▶ _Records shown_
========
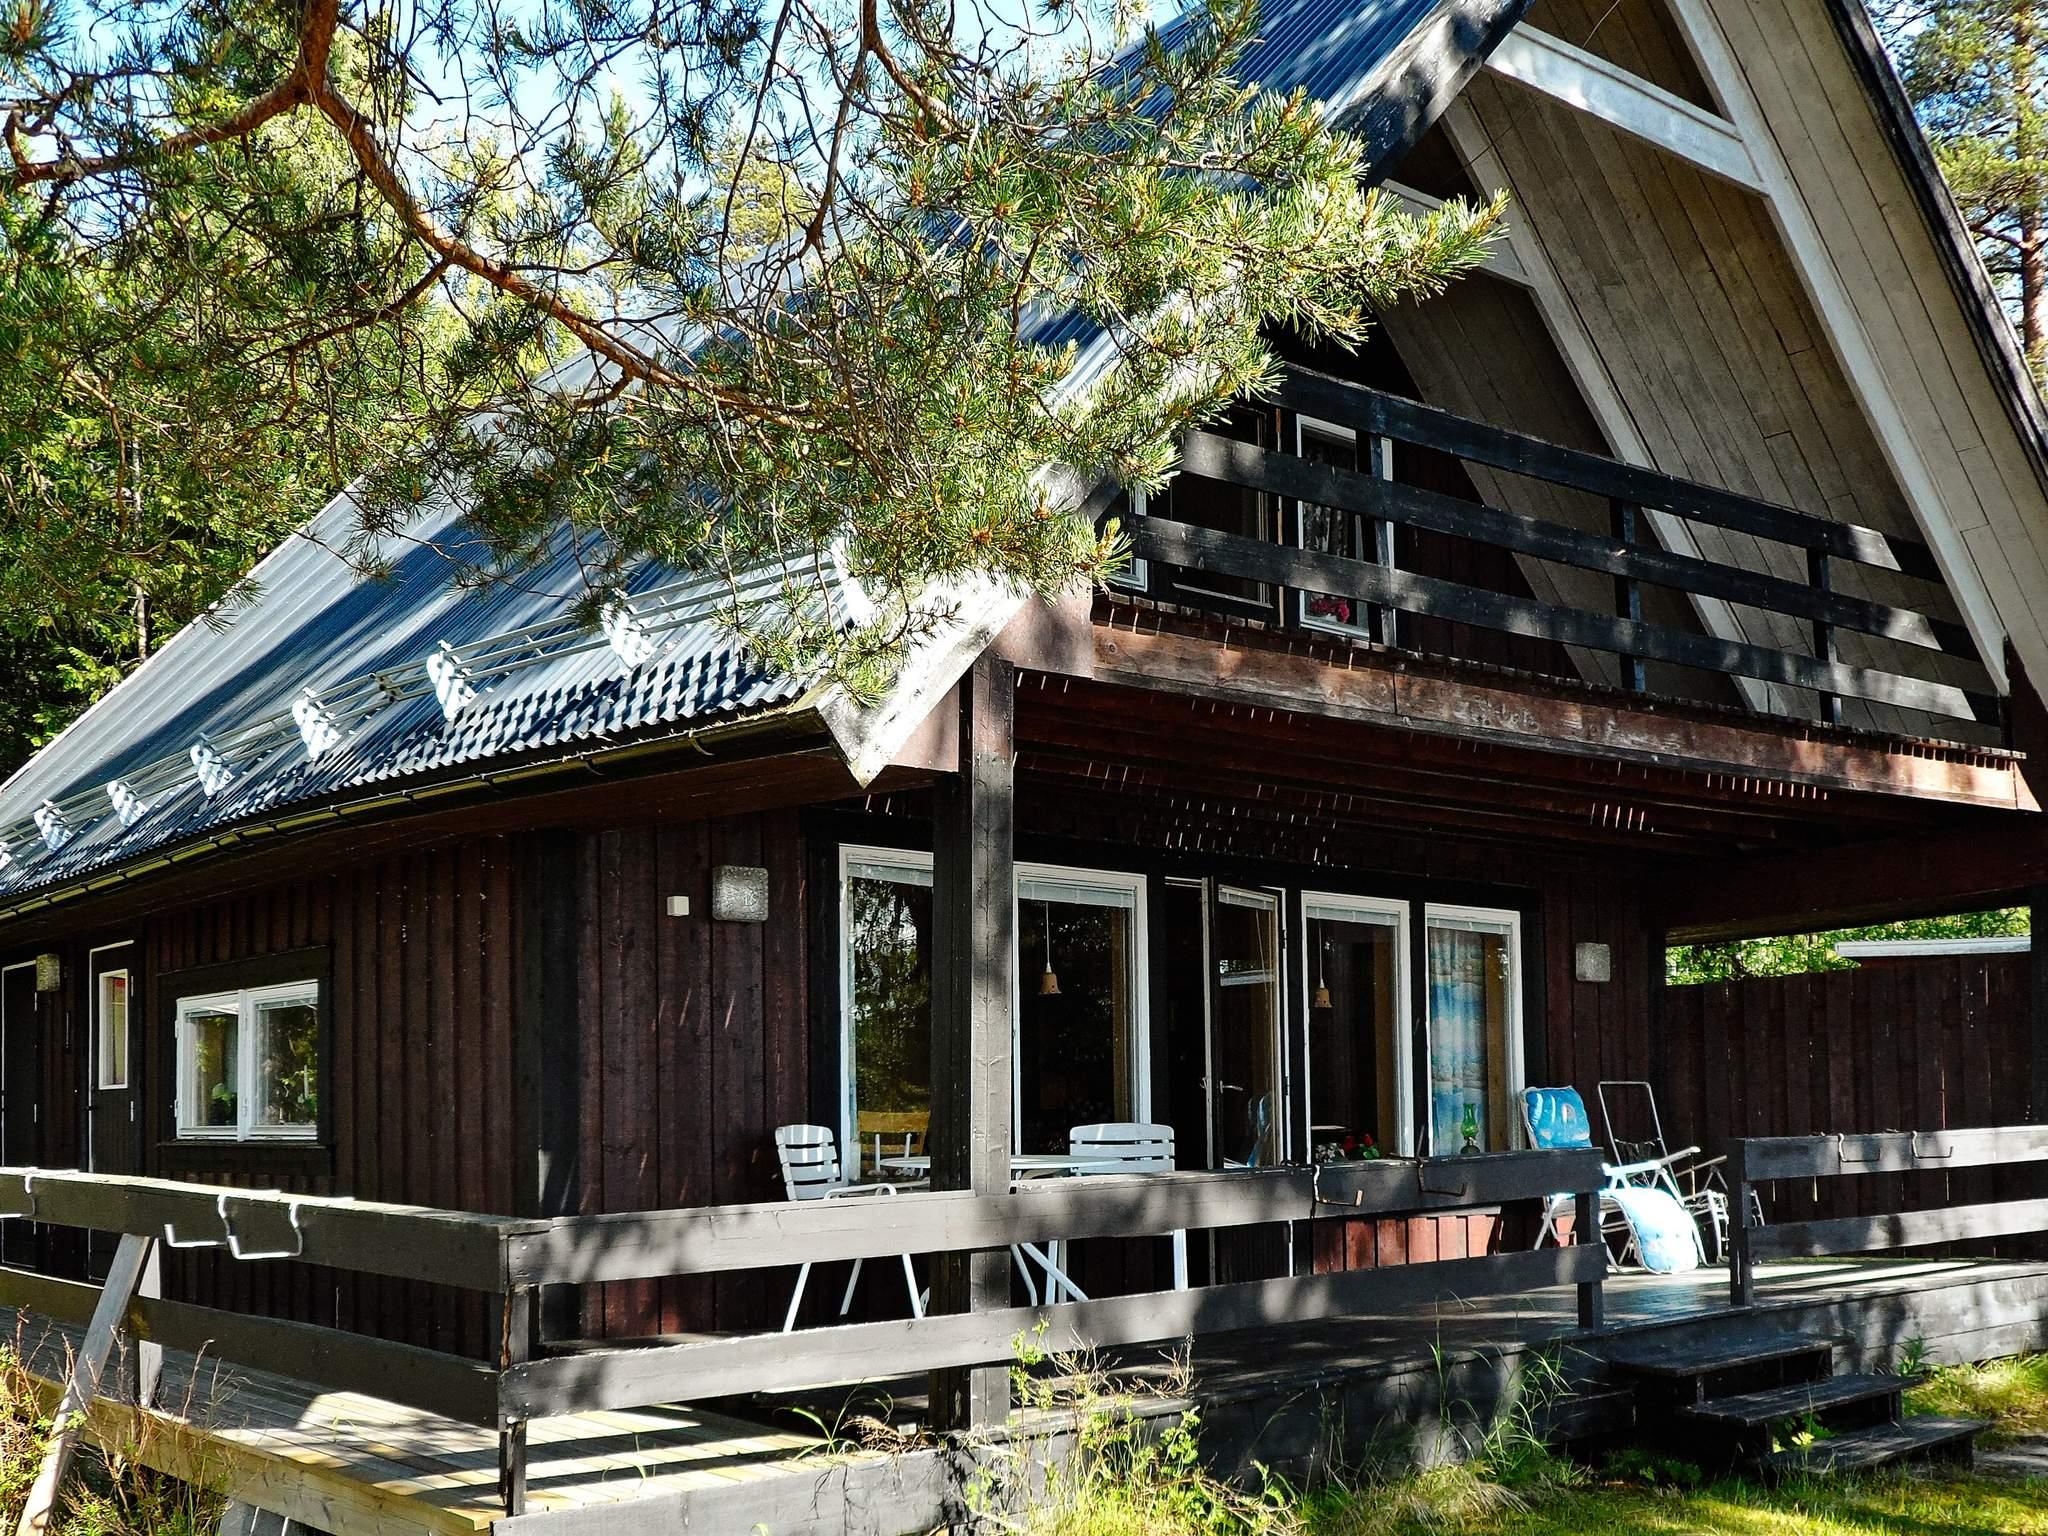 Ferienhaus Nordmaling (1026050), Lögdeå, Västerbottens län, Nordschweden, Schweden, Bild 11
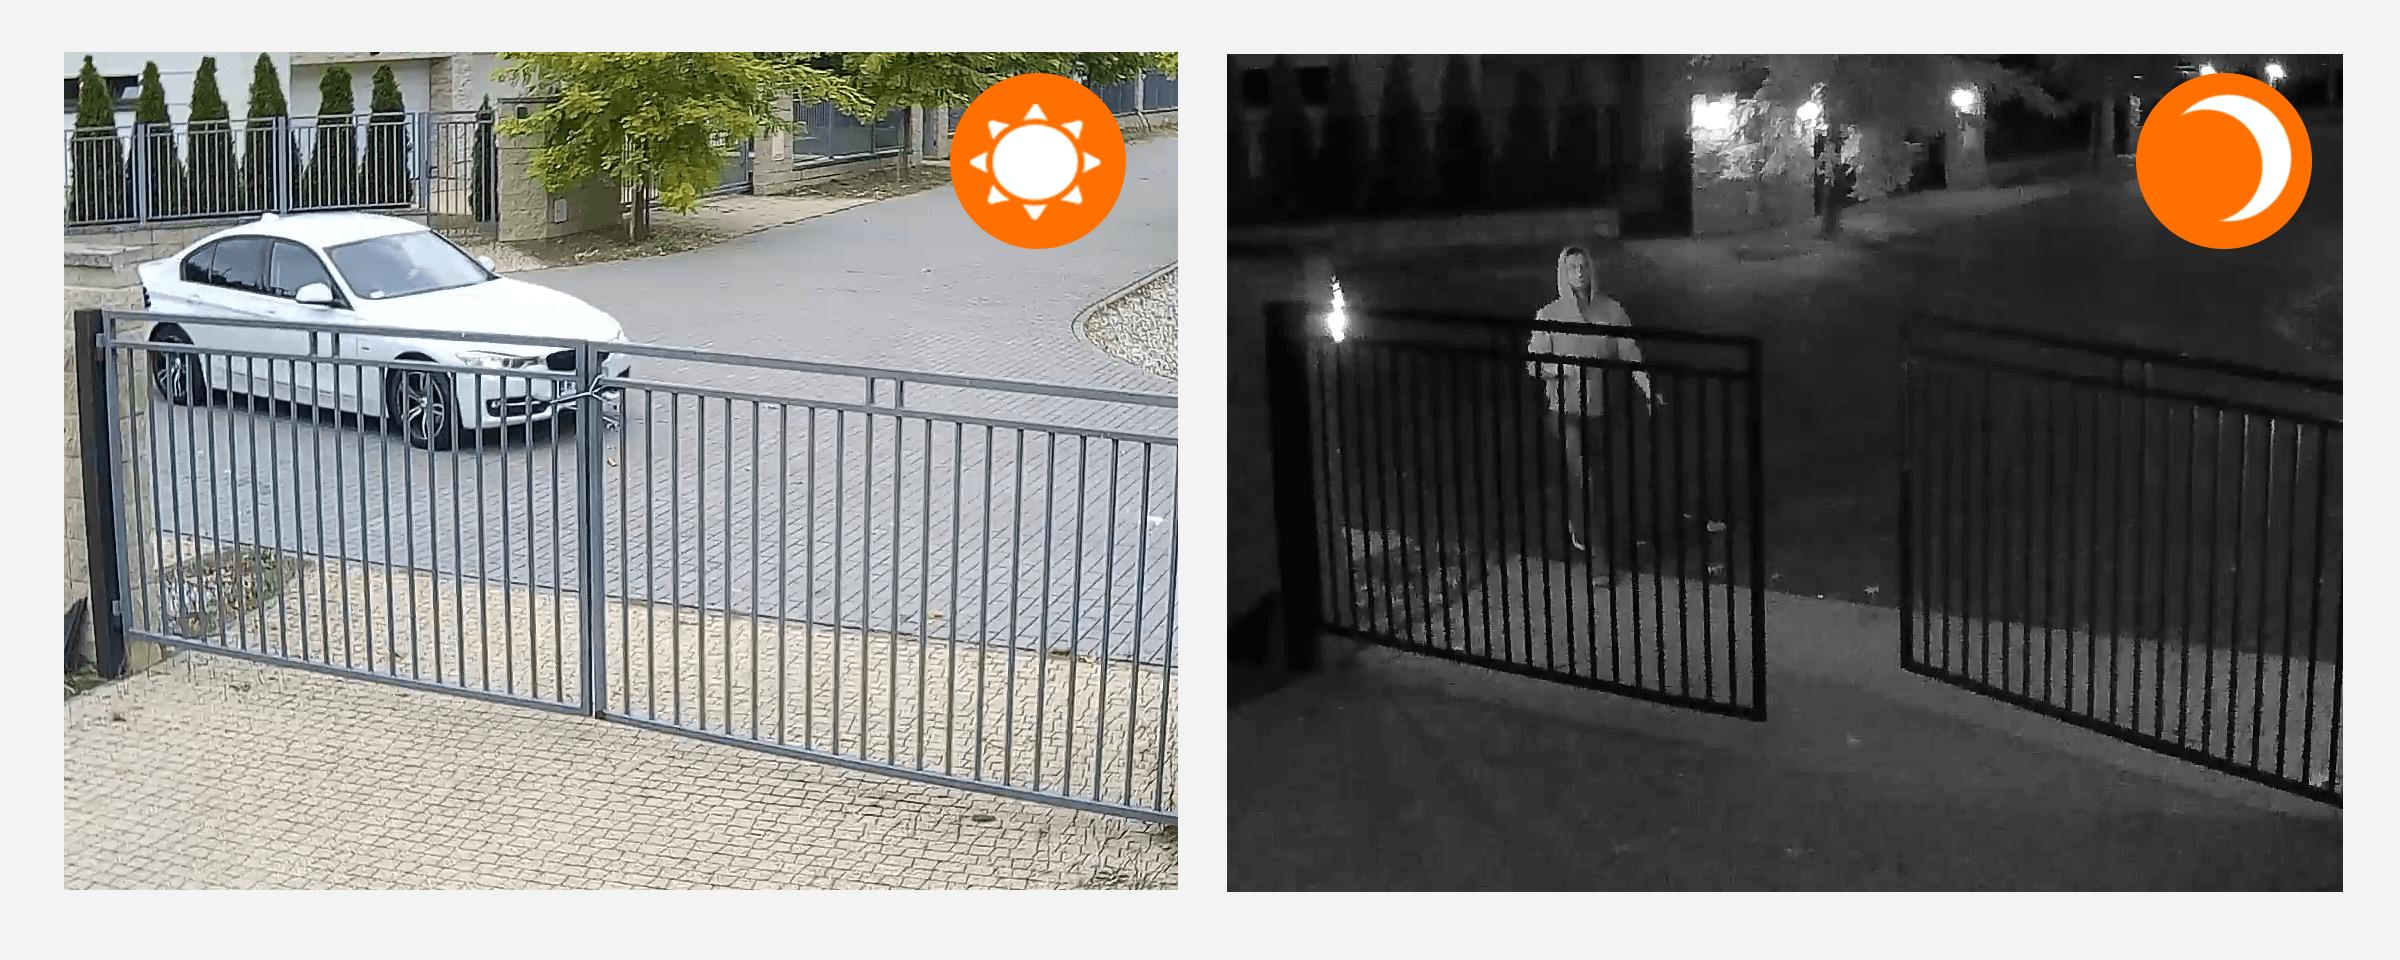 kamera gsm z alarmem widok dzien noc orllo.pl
========
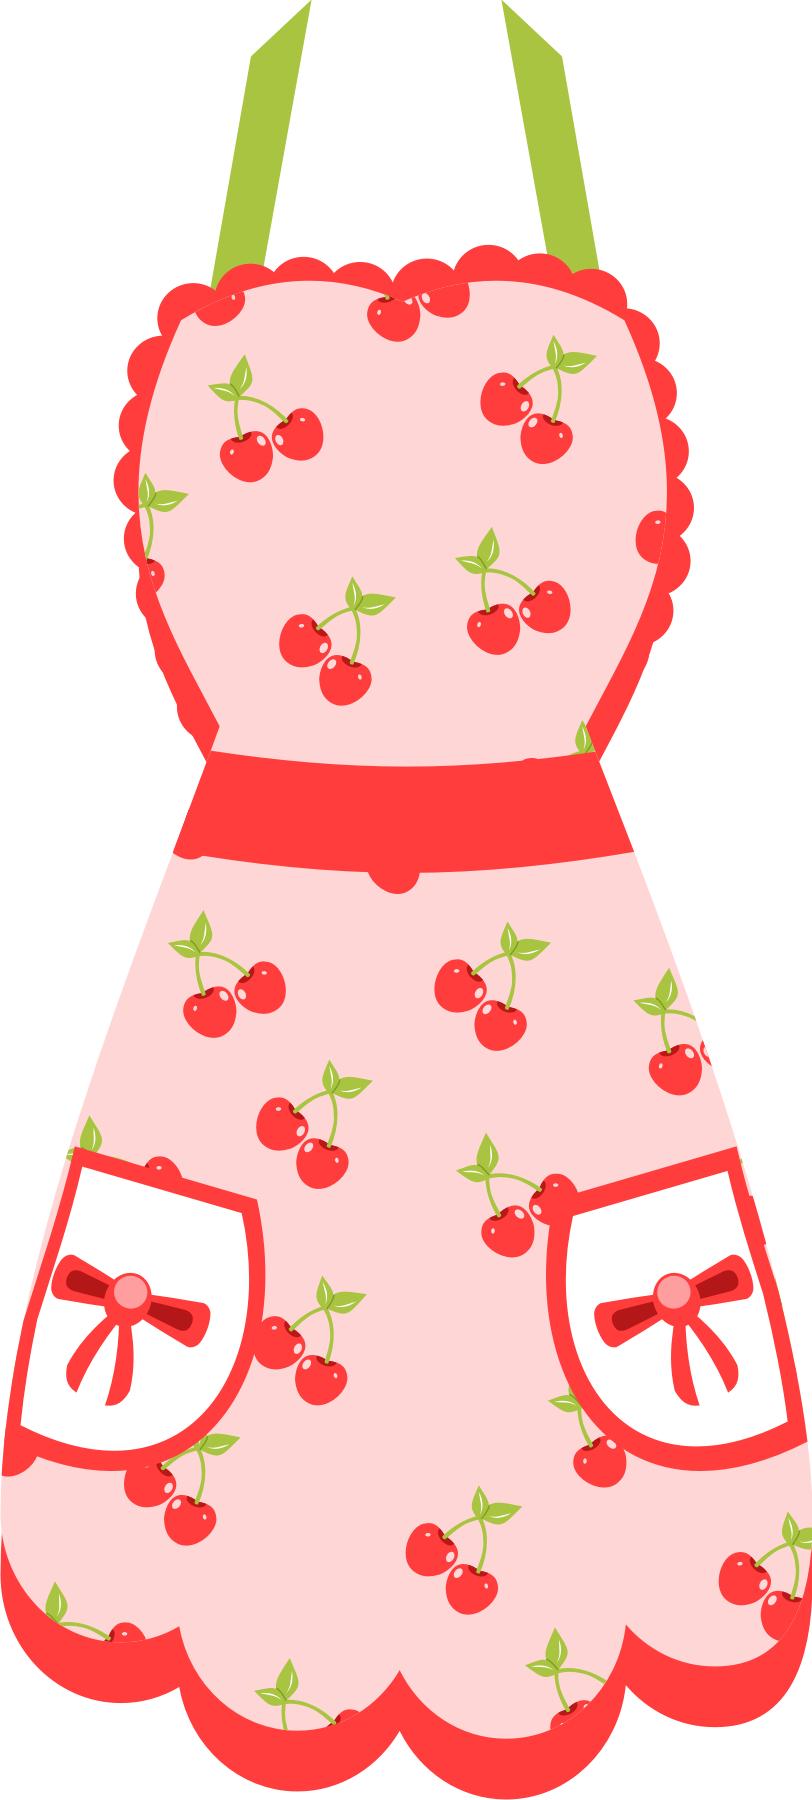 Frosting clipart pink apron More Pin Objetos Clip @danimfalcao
========
▶ _Exercise prompt_
Pictures excluded, transcribe the listing above exactly from the line with "Ferienhaus Nordmaling (1026050), Lögdeå, Västerbottens" through the line with "kamera gsm z", and no further.

▶ _Exercise result_
 Ferienhaus Nordmaling (1026050), Lögdeå, Västerbottens län, Nordschweden, Schweden, Bild 11
 kamera gsm z alarmem widok dzien noc orllo.pl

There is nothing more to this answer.